1.苏州大学纺织与服装工程学院, 江苏苏州 215123
2.苏州美山子制衣有限公司, 江苏苏州 215221

收稿日期:2020-03-24 修回日期:2021-04-12 出版日期:2021-08-15 发布日期:2021-08-24
通讯作者: 杨旭红
作者简介:戴沈华(1983—),男,高级工程师,博士。主要研究方向为纤维的功能化改性。

Preparation and properties of nano-ZnO loaded polyurethane/polyester foamed composite sponge

DAI Shenhua¹^,², WENG Liang², LI Bingyan¹, ZHANG Jianping², YANG Xuhong¹()

1. College of Textile and Clothing Engineering, Soochow University, Suzhou, Jiangsu 215123, China
2. Suzhou Meishanzi Garment Co., Ltd., Suzhou, Jiangsu 215221, China

Received:2020-03-24 Revised:2021-04-12 Published:2021-08-15 Online:2021-08-24
Contact: YANG Xuhong

摘要/Abstract

摘要：

为解决目前衬垫材料弹性较差及缺乏功能性的问题,采用化学溶液法合成了纳米ZnO材料,将其分散到聚氨酯(PU)发泡胶液中与非织造聚酯纤维绵基材进行复合,制备出一种功能性发泡复合绵材料。对纳米ZnO的形貌与结构进行表征,测试了复合绵的压陷回弹性能、光催化特性、防紫外线性能及落球回弹性能。结果表明:合成的纳米ZnO是由直径为30 nm、长为5 μm的纳米棒组成的纳米花,单个纳米棒为六方相;复合绵具有不规则的孔洞结构,其落球回弹率最高可达到58.9%;聚氨酯含量越高,复合绵的压陷回弹性越好;添加纳米ZnO后,复合绵在900 min内可将甲基橙完全降解,其紫外线防护系数值随ZnO质量分数的增加而升高,且稳定性好。

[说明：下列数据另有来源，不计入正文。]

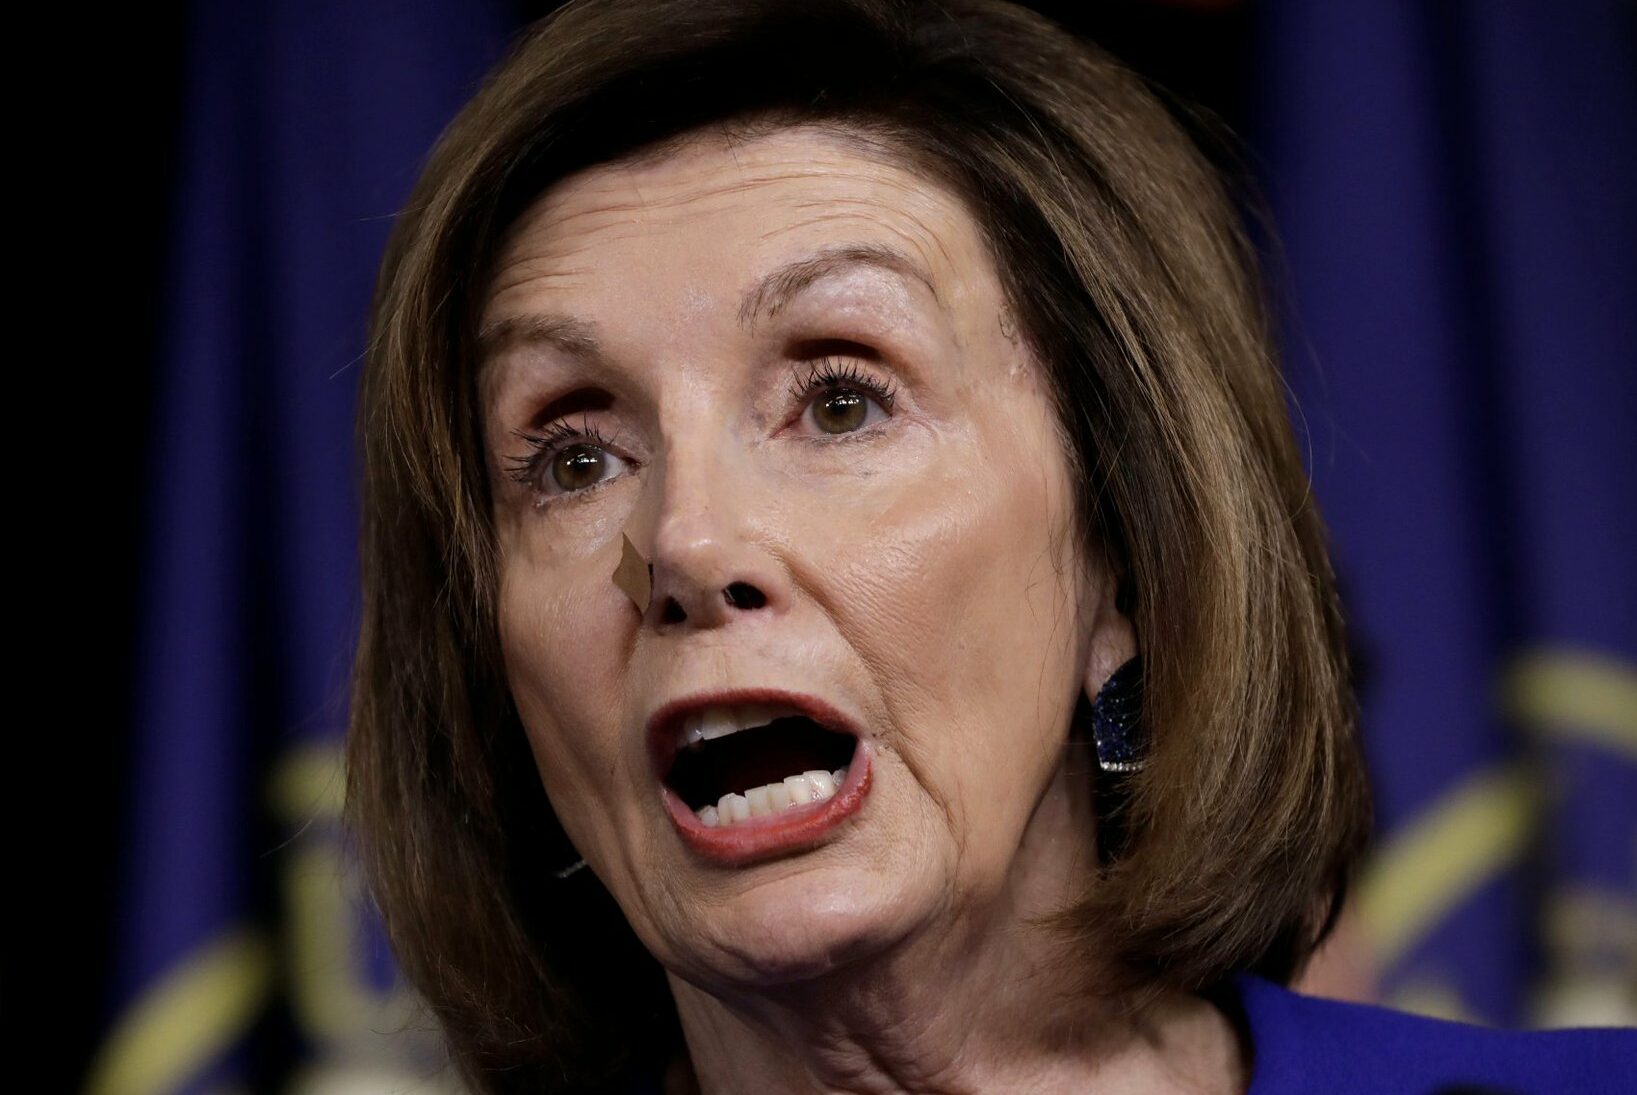 House Speaker Nancy Pelosi’s nose has been bandaged for over a we...

关键词: 纳米ZnO, 非织造绵, 发泡聚氨酯, 回弹性, 甲基橙降解, 防紫外线性能, 光催化性能

Abstract:

In order to improve elasticity and enhance functions of nonwoven fabric, the research introduced in this paper used a chemical solution method to synthesize nano-ZnO, dispersed it into a polyurethane (PU) foam gel and then compounded with nonwoven polyester fabric substrate to prepare a new functional elastic material. Morphology and structure of the obtained nano-ZnO, and the indentation resilience, photocatalytic performance, ultraviolet protection and ball rebound resilience of the composite sponge were analyzed. The results show that the synthesized nano-ZnO is a nano-sized flower composed of nanorods with a diameter of 30 nm and a length of 5 μm. The composite sponge has a non-standard hole structure, and its ball rebound rate reaches 58.9%. It is show that the higher the PU content, the better the ball rebound resilience. After adding nano-ZnO, the composite sponge can completely degrade the methyl orange within 900 min. The ultraviolet protection factor value becomes higher with enhanced stability with the increase of ZnO content.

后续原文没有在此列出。